> Your objective
Restate the listing below word for word. No picture belongs in the result.
───── Collected material ─────
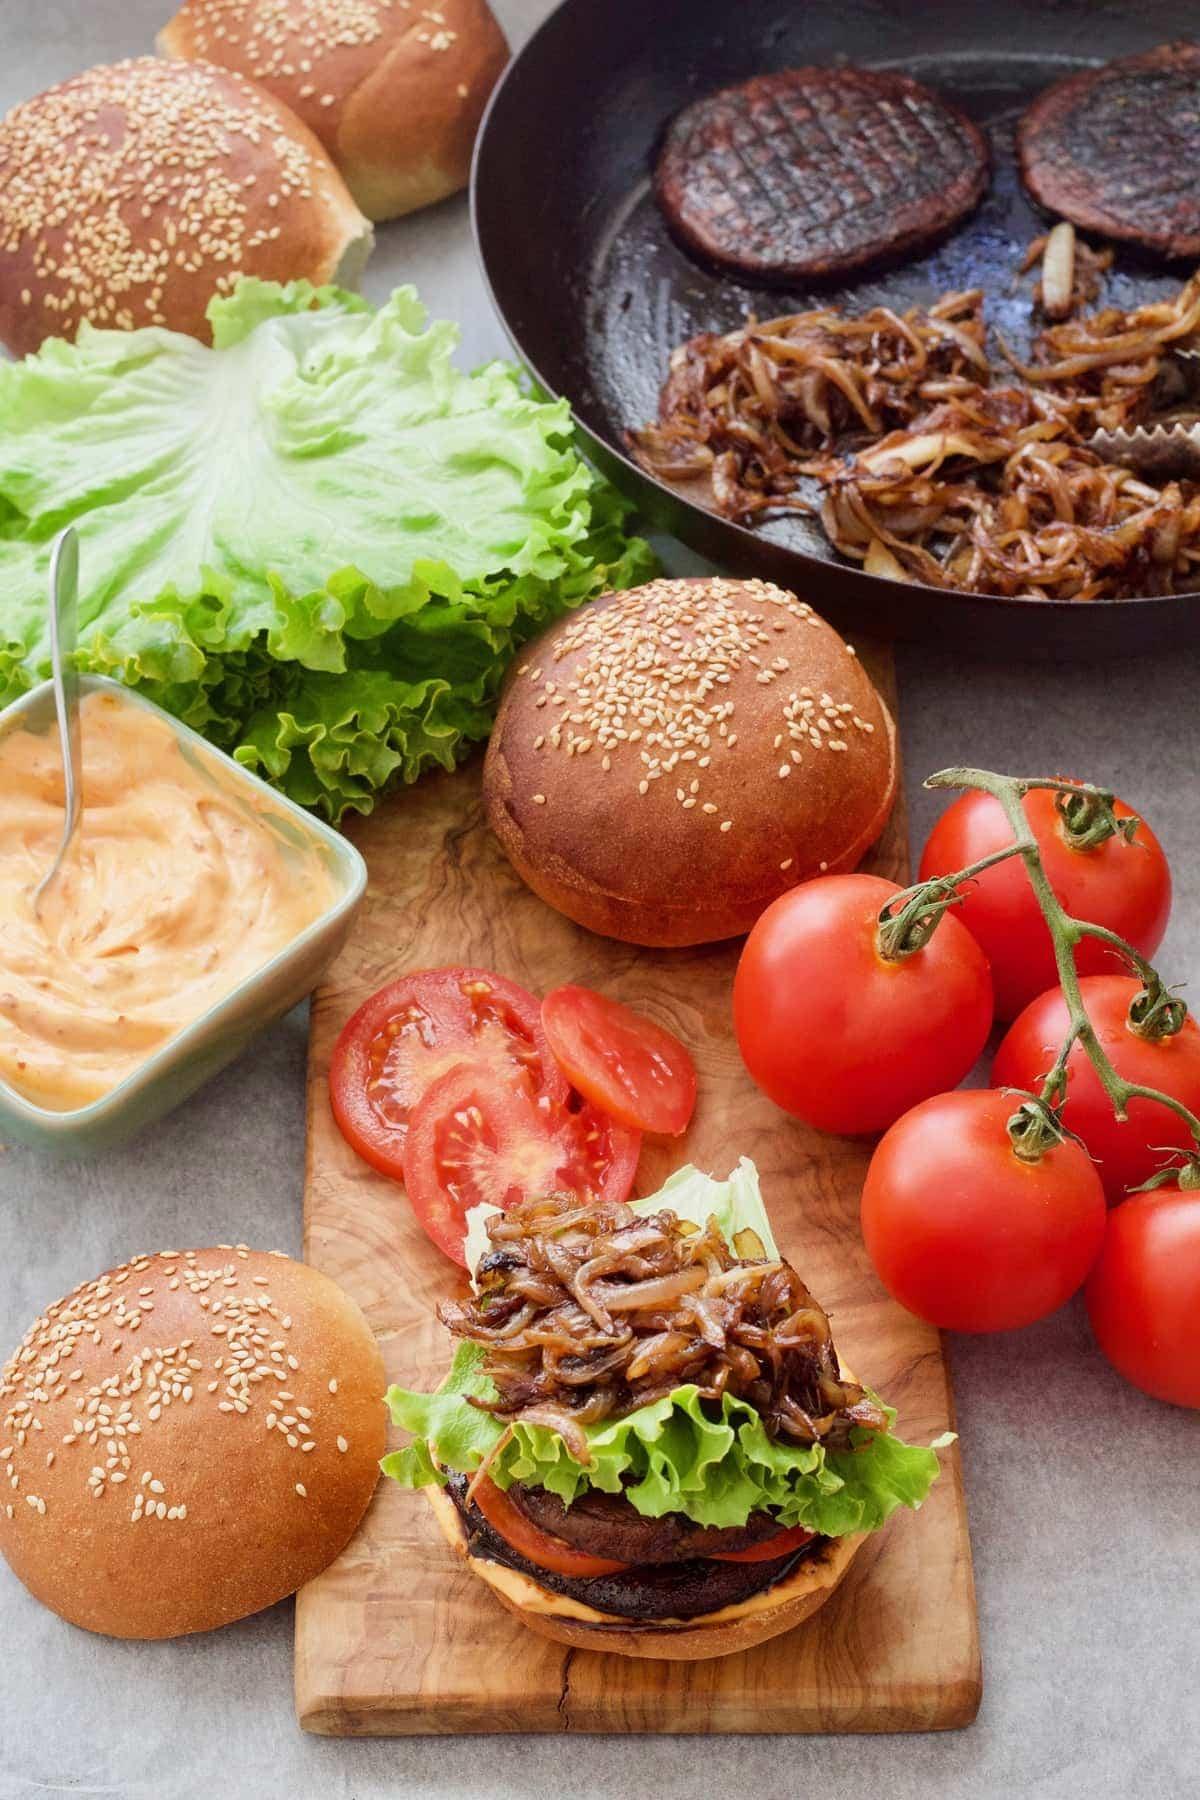 Portobello mushroom burger assembly with buns, tomatoes & lettuce.
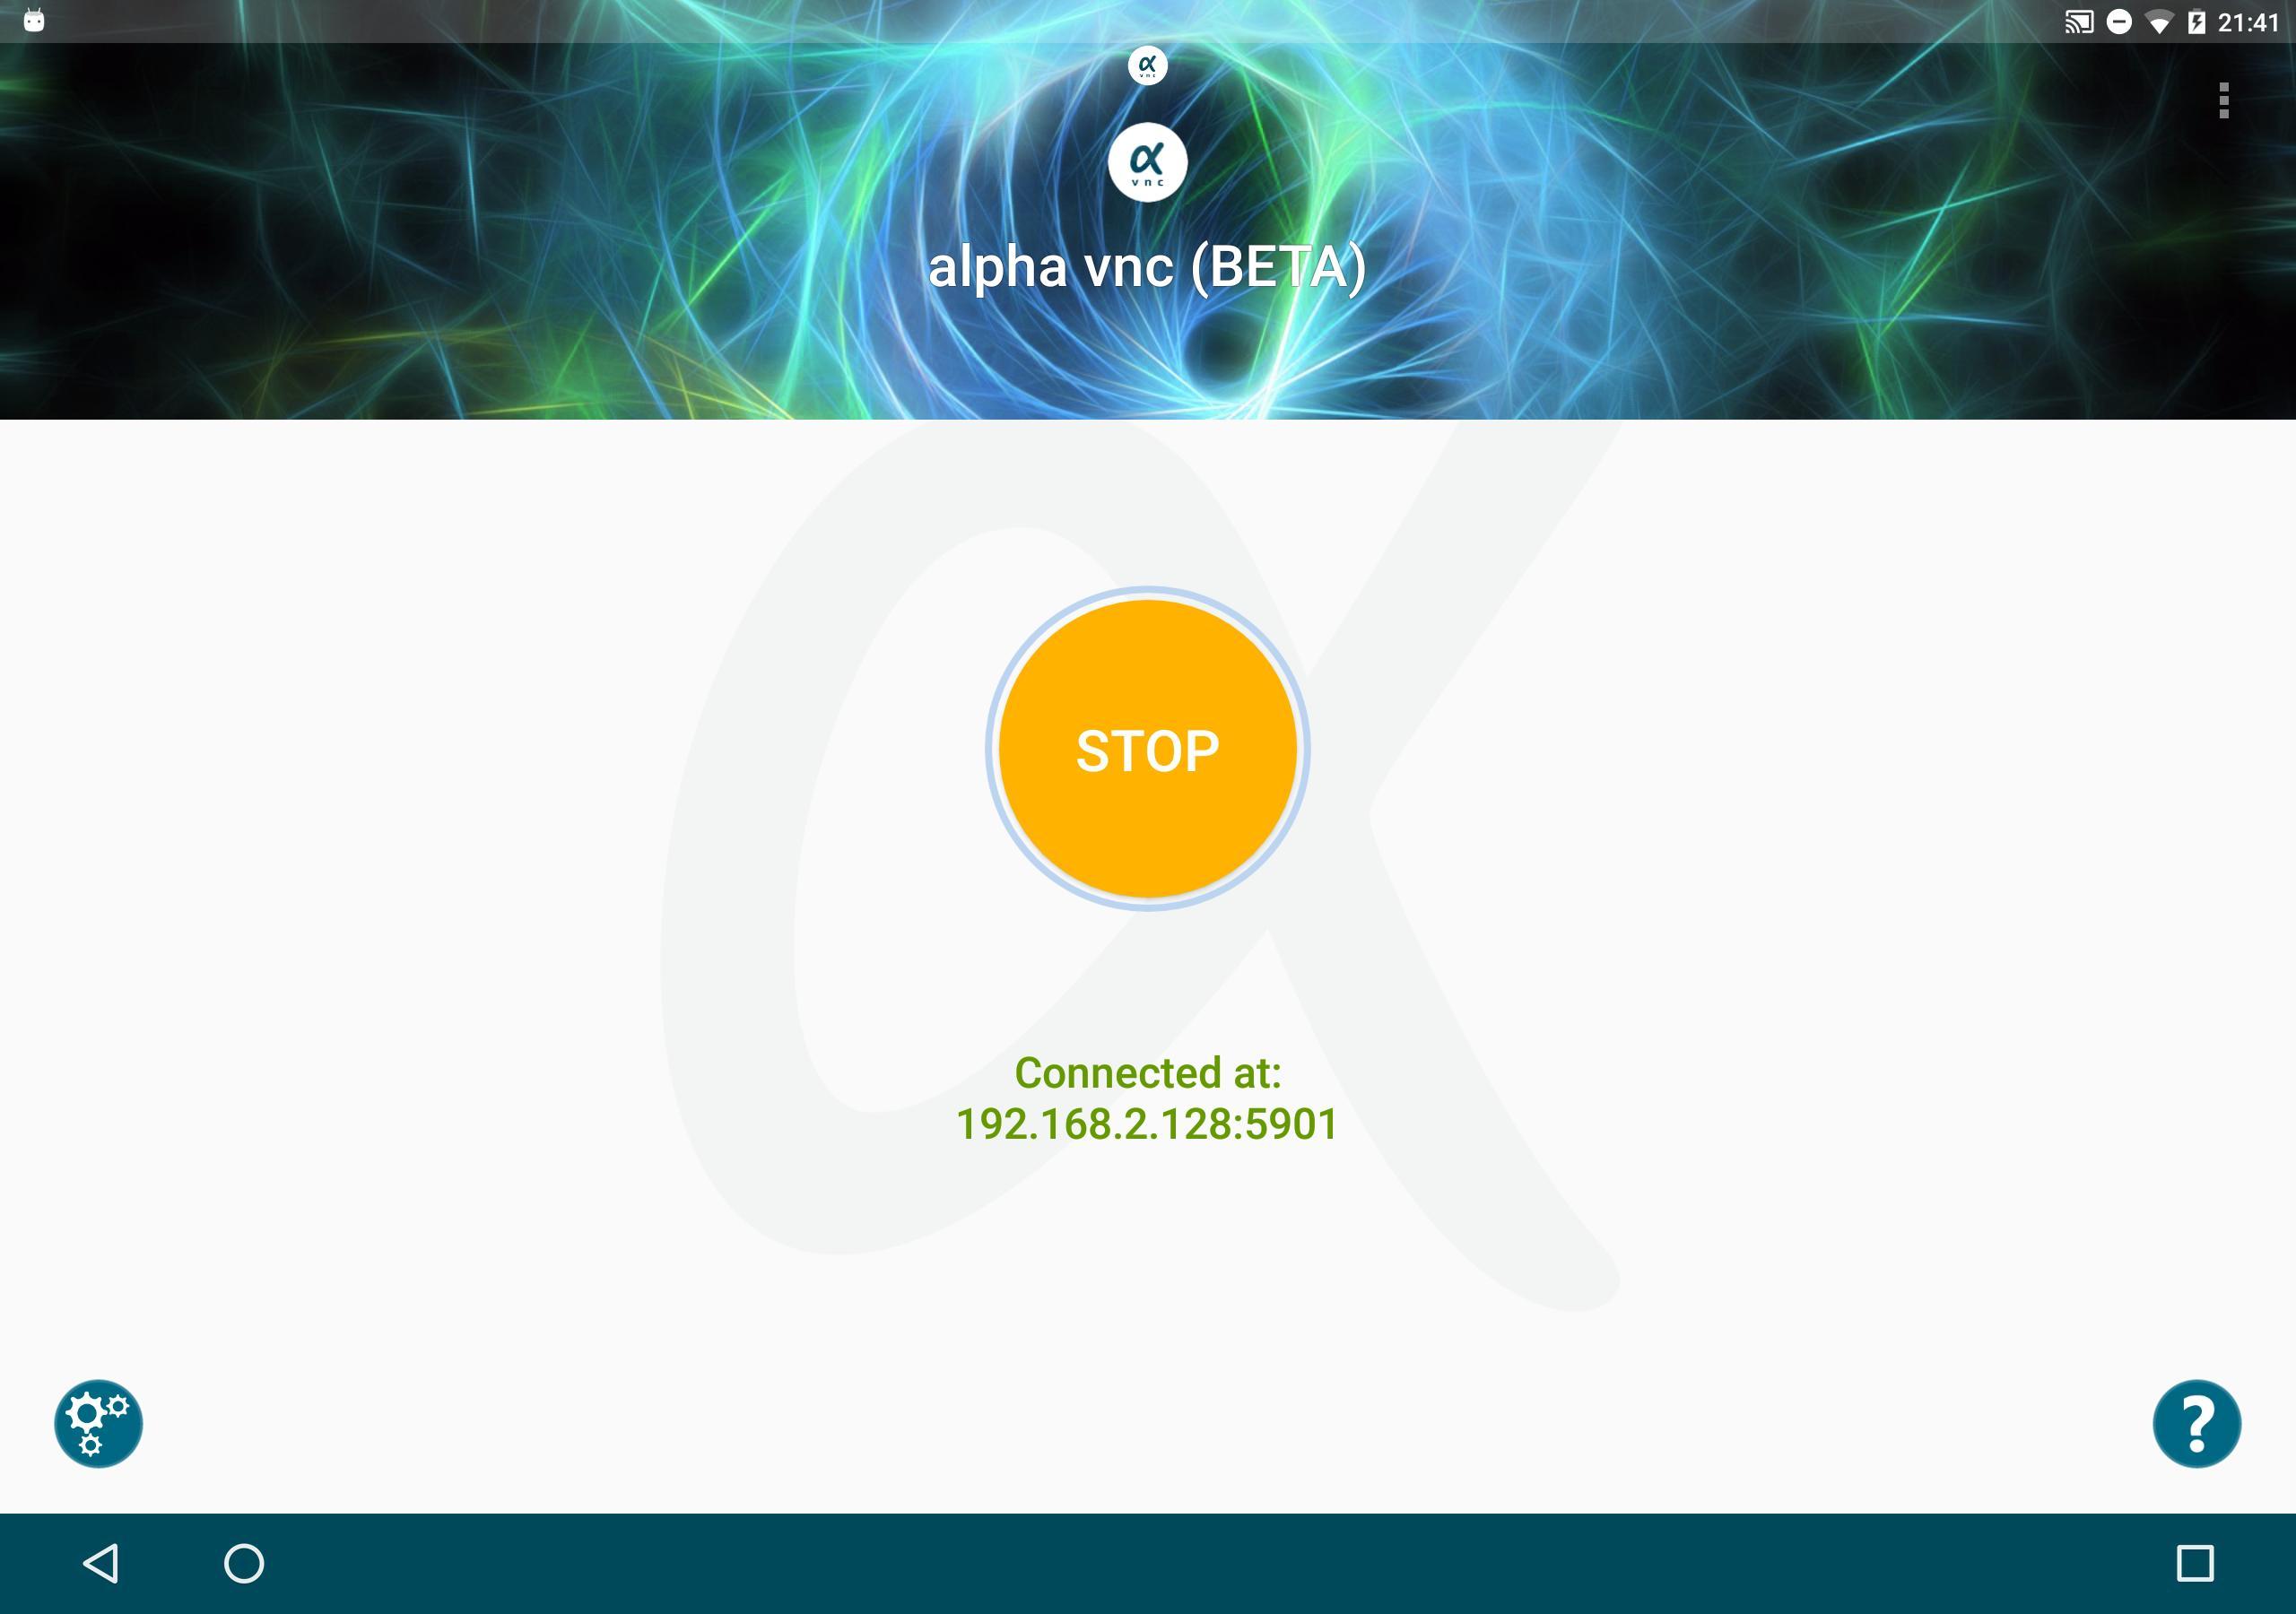 alpha vnc lite for Android - APK Download
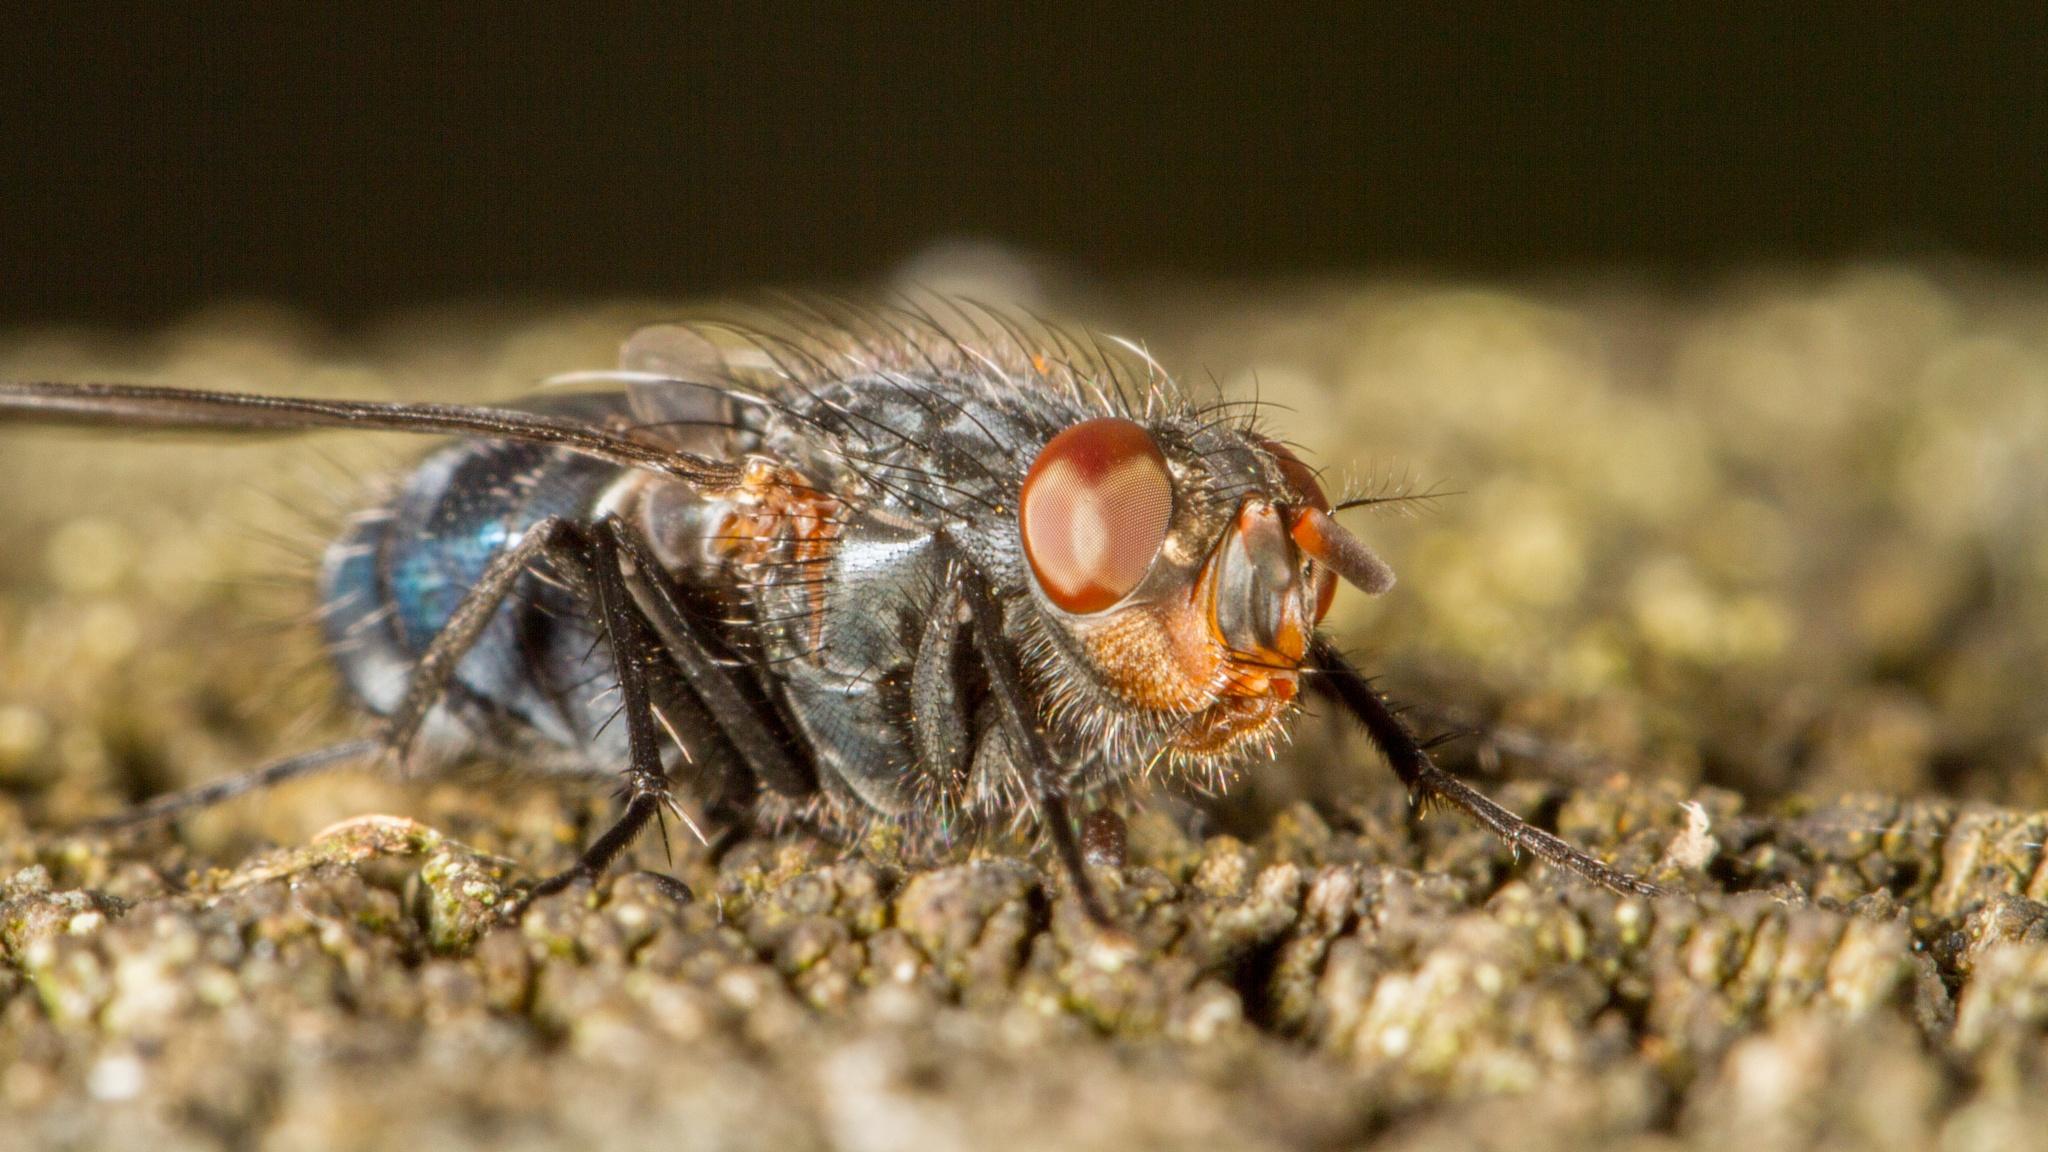 Blue Bottle Fly by David Arnold
─────
> Written solution
 Portobello mushroom burger assembly with buns, tomatoes & lettuce.
 alpha vnc lite for Android - APK Download
 Blue Bottle Fly by David Arnold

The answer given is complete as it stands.